To determine the answers to the given questions, we need to analyze the motion of the arrow using the principles of projectile motion.
(a) How long is the arrow in the air? (Ans: 5.95s)
To find the time of flight of the arrow, we can use the vertical motion equation:
Δy = v₀ * t + (1/2) * g * t²
Where:
Δy = vertical displacement
v₀ = initial vertical velocity
t = time
g = acceleration due to gravity (-9.8 m/s²)
Since the arrow is shot at an angle, we need to resolve the initial velocity into horizontal and vertical components. The vertical component is given by:
v₀y = v₀ * sin(θ)
Where:
θ = angle of projection (30°)
Given that the initial velocity is 95 km/h, we need to convert it to m/s:
v₀ = 95 km/h * (1000 m/1 km) * (1/3600 h/1 s) = 26.39 m/s
Now, we can calculate the vertical displacement Δy. Initially, the arrow is at a height of 95 m, so Δy = -95 m (negative because the displacement is downward).
-95 m = (26.39 m/s) * t + (1/2) * (-9.8 m/s²) * t²
Rearranging the equation and solving for t, we get:
4.9 t² + 26.39 t - 95 = 0
Using the quadratic formula, we can find the value of t. The positive solution represents the time of flight:
t = (-26.39 ± √(26.39² - 4*4.9*(-95))) / (2*4.9)
t ≈ 5.95 s
Therefore, the arrow is in the air for approximately 5.95 seconds.
(b) Will the arrow hit the target? (Ans: No, the arrow lands 135.96 m away)
To determine if the arrow will hit the target, we need to calculate the horizontal distance covered by the arrow.
The horizontal component of the initial velocity is given by:
v₀x = v₀ * cos(θ)
v₀x = (26.39 m/s) * cos(30°)
v₀x ≈ 22.86 m/s
The horizontal distance traveled (x) can be calculated using the equation:
x = v₀x * t
x = (22.86 m/s) * (5.95 s)
x ≈ 136.01 m
Hence, the arrow will land approximately 136.01 m away from the tower.
(c) What is the impact velocity of the arrow as it hits the ground? (Ans: 50.58 m/s [63° below the horizontal])
The impact velocity can be found by combining the horizontal and vertical components of the velocity at the time of impact.

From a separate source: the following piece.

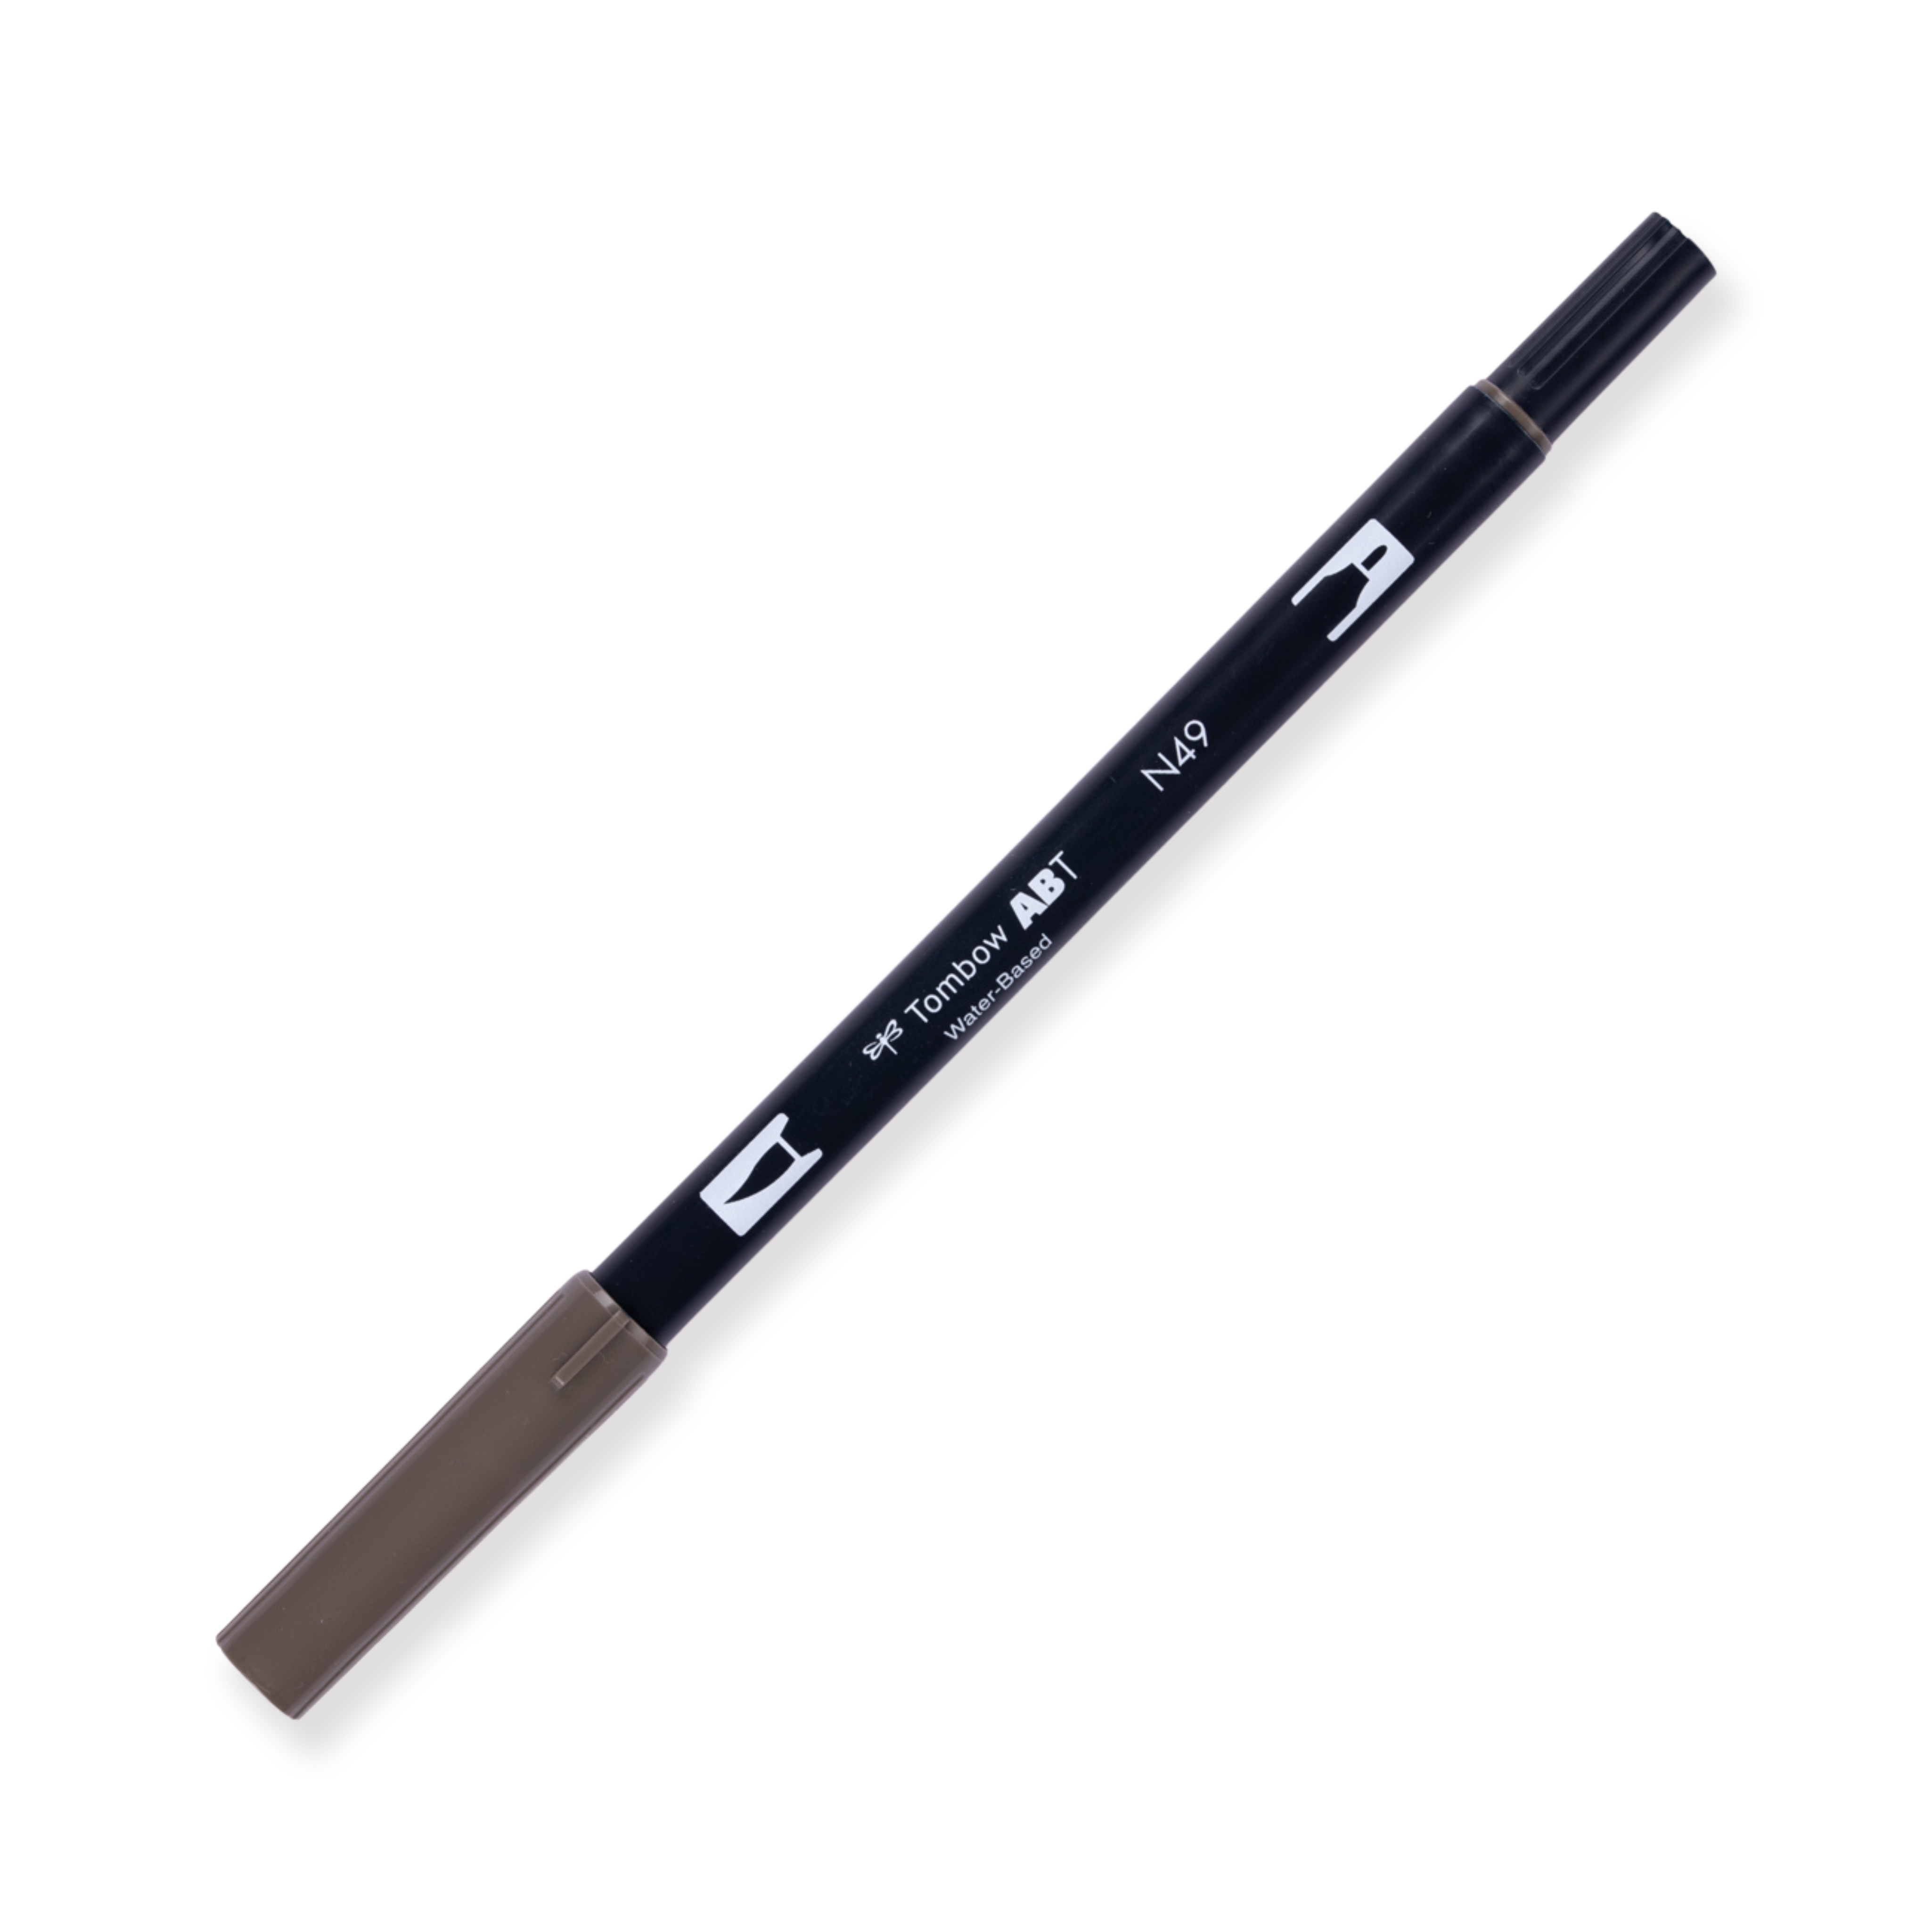 Rotulador Tombow Dual Brush en escala de grises - N49 - Gris cálido 8

The horizontal component remains constant throughout the motion, so the horizontal velocity at impact is the same as the initial horizontal velocity:
v_fx = v₀x
v_fx ≈ 22.86 m/s
The vertical component changes due to the acceleration of gravity. We can calculate it using the equation:
v_fy = v₀y + g * t
v_fy = (26.39 m/s) * sin(30°) + (-9.8 m/s²) * (5.95 s)
v_fy ≈ 27.54 m/s - 58.21 m/s
v_fy ≈ -30.67 m/s
The impact velocity can be found using the Pythagorean theorem:
v_f = √(v_fx² + v_fy²)
v_f = √((22.86 m/s)² + (-30.67 m/s)²)
v_f ≈ 38.86 m/s
Finally, we can calculate the angle of impact below the horizontal using the tangent function:
θ_f = arctan(v_fy / v_fx)
θ_f = arctan(-30.67 m/s / 22.86 m/s)
θ_f ≈ -63°
Since the angle is negative, we can subtract it from 180° to find the angle below the horizontal:
θ_f = 180° - 63°
θ_f ≈ 117°
Therefore, the impact velocity of the arrow as it hits the ground is approximately 50.58 m/s at an angle of 63° below the horizontal.